West Virginia SMCRA Bond Lawsuit. In November 2000, the West Virginia Highlands
Conservancy filed a lawsuit in federal district court against the U.S.
Department of Interior, the U.S. Office of Surface Mining and the West Virginia
Department of Environmental Protection. The lawsuit, West Virginia Highlands
Conservancy v. Norton, which seeks declaratory and injunctive relief, generally
challenges the adequacy of the two-tier West Virginia alternative bond
reclamation program. The first tier requires mine operators to post a bond of up
to $5,000 per acre mined. The second tier creates a special reclamation fund
which is funded by an assessment on mine operators of three cents per ton of
coal. The West Virginia Highlands Conservancy claims that, individually and
collectively, the alternative bond reclamation program has inadequate funds to
cover the state's cost of conducting mining site reclamation for those sites
where the mine operator has defaulted, or might default, on its reclamation
obligations. Based upon the alleged inadequacy of the alternative bonding
program, the lawsuit claims that the Department of the Interior and the Office
of Surface Mining violated their obligations under SMCRA by either (1) not
asserting federal control over the West Virginia SMCRA bonding program or (2)
not revoking federal approval of the West Virginia SMCRA program and assuming
control under SMCRA. The lawsuit also alleges that the West Virginia Department
of Environmental Protection (1) failed to ensure that the state bonding program
met certain minimum requirements and (2) improperly issued SMCRA permits without
requiring mine operators to post sufficient reclamation bonds.

In May 2001, the district court dismissed all claims against the West Virginia
Department of Environmental Protection based upon the principle of sovereign
immunity. The Office of Surface Mining, in June 2001, initiated formal
administrative action against the West Virginia Department of Environmental
Protection regarding the alleged deficiencies in the state bonding program.

The remaining claims in this lawsuit against the federal defendants were the
subject of an August 2001 order by the district court. The court denied the
federal defendants' motion to dismiss the suit and granted partial summary
judgment for the plaintiffs. The court allowed the Office of Surface Mining to
continue its administrative action. That action required the West Virginia
Department of Environmental Protection to submit proposed new regulatory
initiatives to the state legislature's rulemaking committee and, within 45 days
of the close of the 2002 legislative session, the state was required to provide
final, enacted legislation, signed by the Governor of West Virginia, that
addressed all problems with the current state bonding system.
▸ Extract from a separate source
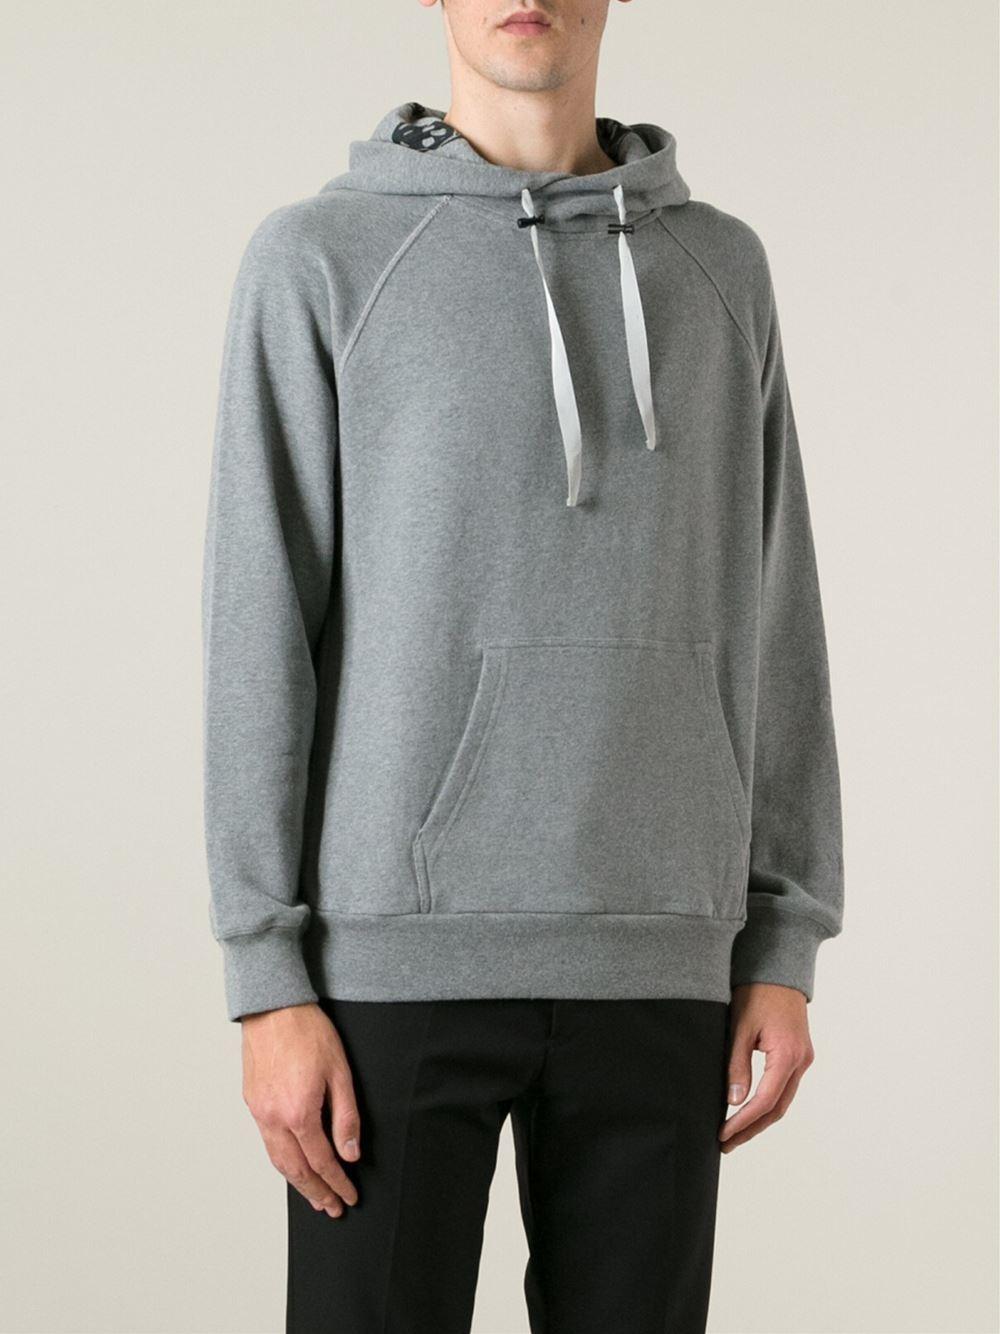 alexander mcqueen drawstring cotton hoodie in gray for men grey lyst. Black Bedroom Furniture Sets. Home Design Ideas

The West Virginia
Legislature passed, and the Governor of West Virginia signed, an amended
alternative bond program, called the 7-Up Plan, and the U.S. Office of Surface
Mining approved those amendments.

The plaintiffs filed a motion in January 2002 asking the court to compel the
Office of Surface Mining to perform its non-discretionary duties and find that
the new alternative bonding program promulgated by West Virginia still fails to
meet the requirements of the federal SMCRA. In March 2002, the court denied the
plaintiffs' motion, based in part upon representations by the Office of Surface
Mining that it would make a final determination regarding the adequacy of the
7-Up Plan by no later than May 28, 2002.

On May 29, 2002, the Office of Surface Mining issued a final rule that approved
amendments to the West Virginia alternative bonding scheme adopted by the West
Virginia Department of Environmental Protection and enacted by the state
legislature. These amendments require, among other things, eliminating the
current deficit and restoring the Special Reclamation Fund to solvency, removing
spending limitations on the expenditure of funds for water treatment, creating a
special advisory council to advise on structural reforms to the bonding program
to avoid deficits in the future and annual reporting to the state legislature on
the adequacy of the funds in the alternative bonding scheme.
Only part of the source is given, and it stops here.